She lives and works in Belgrade.

== Journalistic career ==
She began her career as a journalist at the age of 19. After graduating from the BK School of Journalism, Tatalović stayed on to work as a volunteer at BK, where she went from being a street reporter in the morning program to an accredited journalist at the United Nations headquarters in New York City. In an interview, she said that it was while working at BK that she learned everything she knows about journalism. According to her own words, she has no role models in journalism, but she was "lucky" to have had Aleksandar Tijanić, Srđan Đurić, Bojana Lekić, Milomir Marić, Olja Milošević, Igor Šanjević as her editors, from whom she learned a lot.

In 2006, she moved from BK to Fox and worked in almost all editorial departments there. As a reporter for the news program, she reported from legislative sessions of the National Assembly, and she gained recognition by asking her interlocutors very direct questions. She was a contributor to the show Veče sa Ivanom Ivanovićem and many of the questions that Ivan Ivanović asked his guests on the show were written by Žaklina Tatalović.

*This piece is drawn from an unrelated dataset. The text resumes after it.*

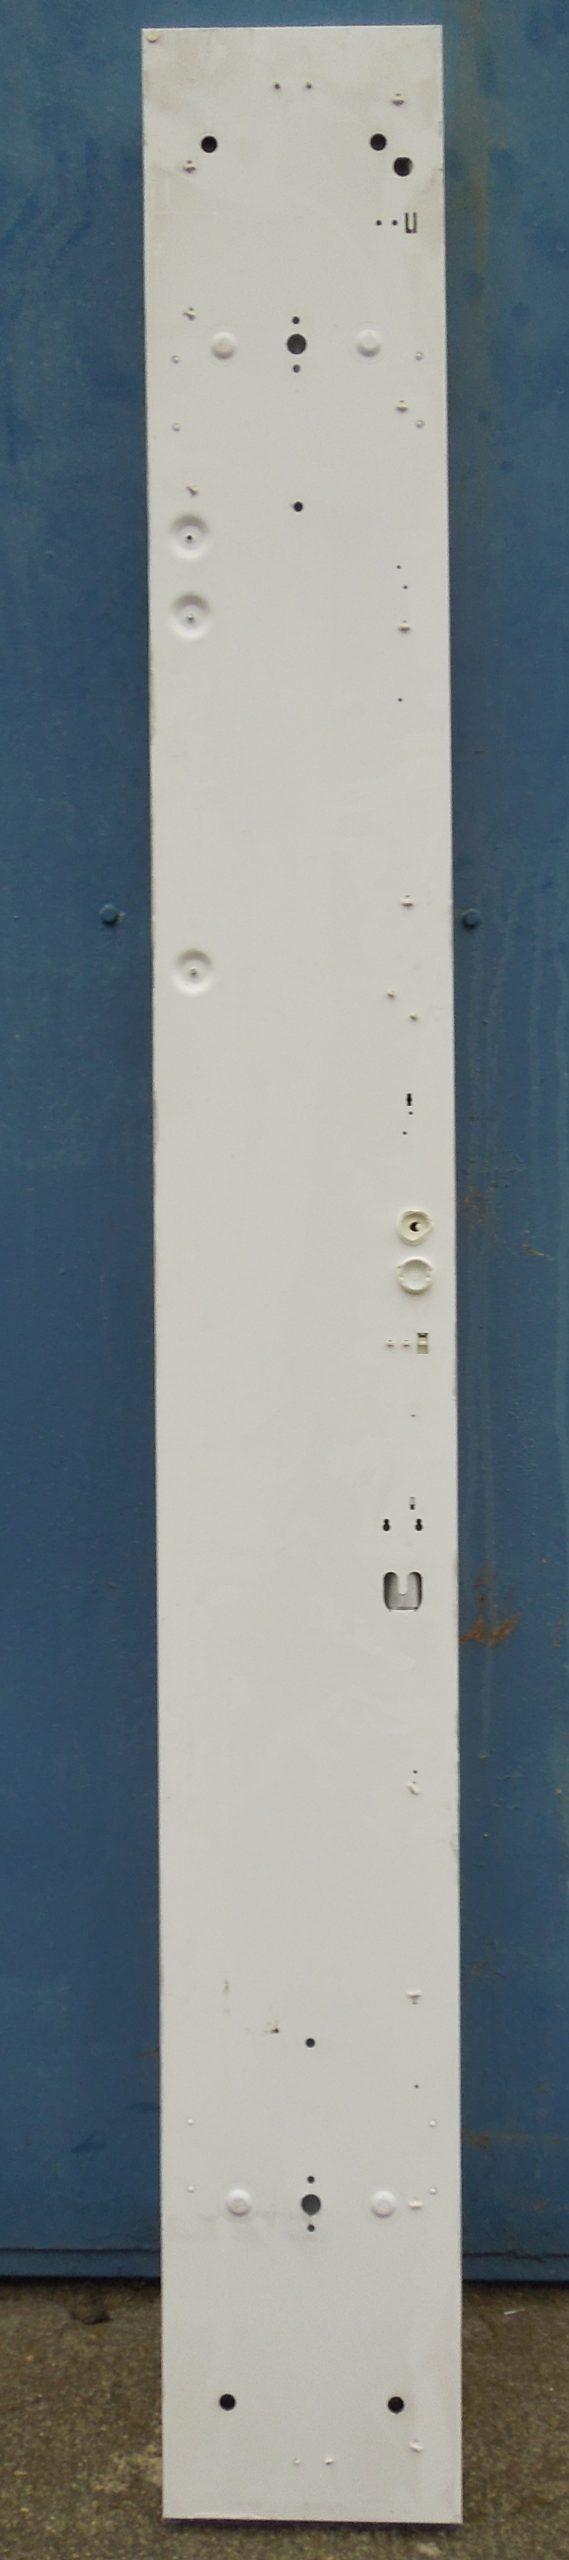 Rasterleuchte 2 x 58 W

In 2018, when Fox was transformed into Prva Srpska Televizija, Tatalović disagreed with the new editorial policy and she decided to leave that house after 12 years and move to N1, where she still works today as a journalist in the news department.

She advocates for objective journalism and direct access to interlocutors. She raised topics, namely scandals and criticisms directed against the ruling coalition gathered around the Serbian Progressive Party. Due to her approach at press conferences, which he characterized as impolite, President of Serbia Aleksandar Vučić stated that she "deserved to be kicked out of the press conference a long time ago".

She is often the target of inappropriate comments, insults by pro-regime tabloids, media and dissenters and she also received direct threats.

Žaklina Tatalović appears as herself in the 13th episode of season 2 of the series Marked in the Racket.